Emirates Airline and Qantas

March 6, 2013 9:47 by

Emirates airline, Dubai’s flagship carrier, has hired six banks to arrange a potential dollar-denominated, benchmark sukuk sale, lead arrangers said on Wednesday, in what would be its second bond sale this year.

Emirates, owned by the government of Dubai, picked Citigroup Inc, Standard Chartered, Abu Dhabi Commercial Bank, Abu Dhabi Islamic Bank, Dubai Islamic Bank and ENBD Capital for the planned sale.

Dubai, which is recovering from a property-led crisis in 2009, is taking advantage of improved investor sentiment and strong liquidity in the Islamic bond market to raise financing for its state entities at relatively cheaper rates.

Investment Corporation of Dubai, the emirate’s main financial vehicle, is in talks with banks to launch its first Islamic bond issue, sources with knowledge of the matter told Reuters last week.

Dubai itself raised $1.25 billion in January in an oversubscribed dual-tranche bond sale, which included a $750 million Islamic tranche.

Last week, another state-owned entity, Dubai Electricity and Water Authority, returned to global debt markets after an absence of more than two years. Its $1 billion Islamic debt deal attracted order books of $5 billion and the bulk of it, about 65 percent, was allocated to the Middle East. The utility printed the five-year paper at par at a profit rate of 3 percent.

Emirates airline will hold investor meetings in the United Arab Emirates and Europe commencing March 7, according to lead arrangers.
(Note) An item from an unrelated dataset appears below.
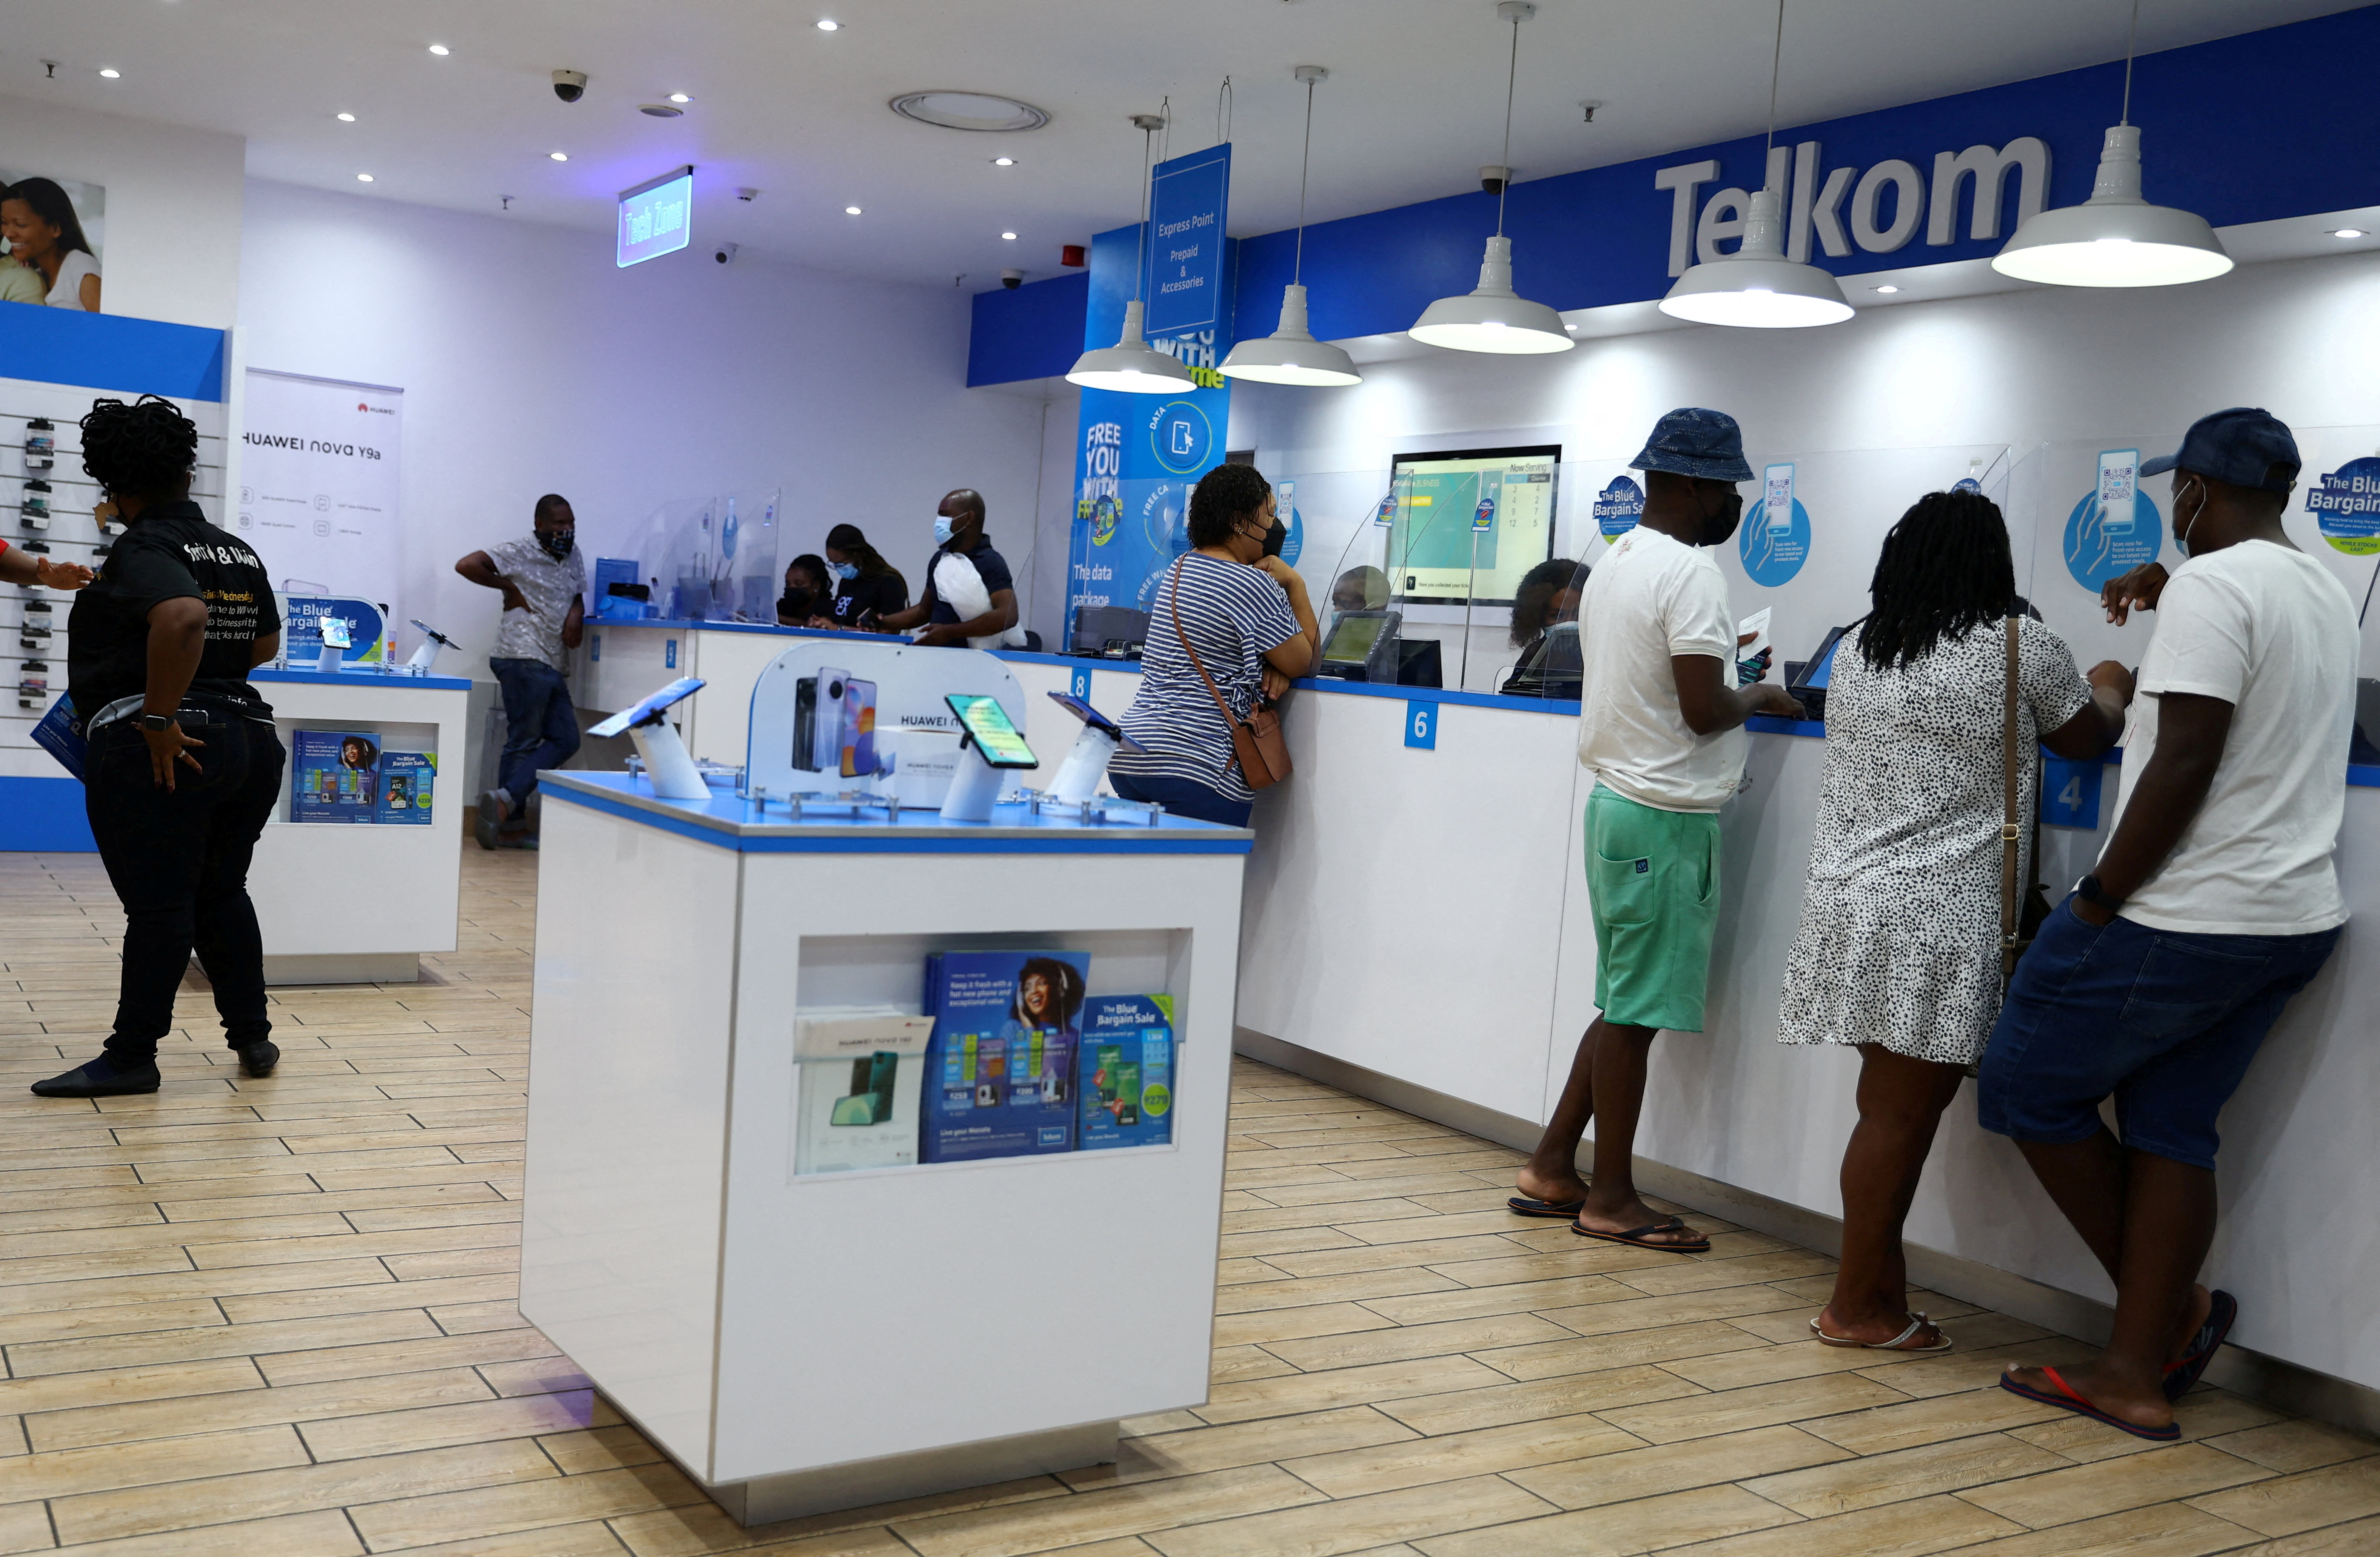 Customers are served at a branch of South Africa's mobile operator, Telkom, in Johannesburg

The meetings will kick-off in Dubai and neighbouring emirate Abu Dhabi on March 7, followed by Geneva and Zurich on March 8th and closing in London on the 11th.

Benchmark-sized transactions are at least $500 million.

Emirates launched a $750 million, 12-year amortizing bond in late January but received a tepid response compared to its last issue in June 2011. Market players said at the time that the unusual amortising structure had kept regional investors away.